Graphic Showing Energy Transition and Power Markets in the News

Jesse Lynch, CFA and Tyler Racca

Principal/Sr. Director, Research and Principal/Sr. Research Associate

The One Big Beautiful Bill Act (OBBBA) significantly accelerates the phase-out of longstanding solar and wind energy tax credits, while preserving most credits for other clean power technologies and storage projects.  While a healthy debate on when subsidies should or should not be sunsetted continues, we believe the industry will adapt and grow in the face of a potential adjustment period and near-term headwinds.

Alongside natural gas, renewable natural gas, nuclear, geothermal, and hydro, solar and wind are poised to play a growing role in meeting already surging power demand—which has been supercharged by AI. On an unsubsidized basis, solar and wind combined with battery storage and natural gas peaking plants (which fill in when intermittent renewables are offline) are a low-cost and fast way to add electrons to an already stressed power grid.

In this note, we explore key changes to policy and credits from the OBBBA and their potential impacts.

Notable Changes With the OBBBA

The OBBBA shortens the phaseout timeline for solar and wind tax credits.  The Inflation Reduction Act (IRA) had granted a gradual wind-down of the credits beginning in 2033. Under the OBBBA, wind and solar projects must begin construction by July 4, 2026, or be placed in service by the end of 2027 to claim these credits. Credits for clean hydrogen and some clean energy manufacturing investments follow a similar accelerated sunsetting timeline.

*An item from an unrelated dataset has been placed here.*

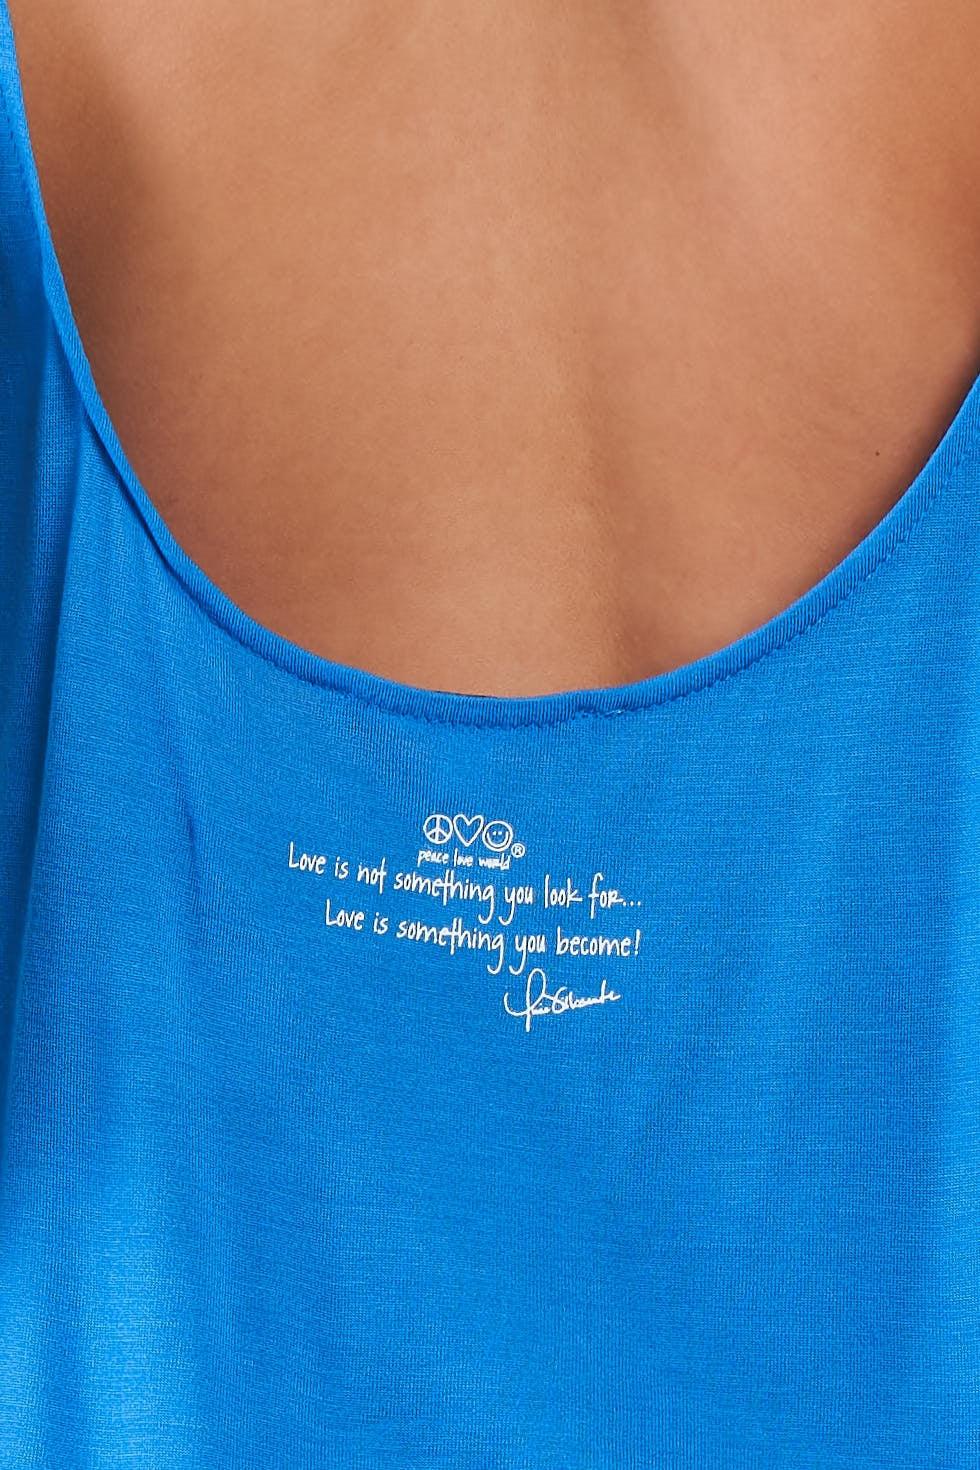 French Blue Sleeveless "Love Anchor, The Soul" Scoop Neck Tank Top

In addition to credits, other clean energy incentives, including grants, other subsidies, and support for grid modernization and energy storage have been reduced or eliminated. All credits are also now subject to various domestic content and ownership rules.

What Didn’t Change?

Battery storage, geothermal, biomass, renewable gas, hydroelectric, nuclear, and other non-solar and non-wind projects will continue to have until the end of 2033 to start construction to qualify for technology-neutral tax credits at the full rate. The tax credit amounts phase down for the construction of such projects starting in 2034 and 2035.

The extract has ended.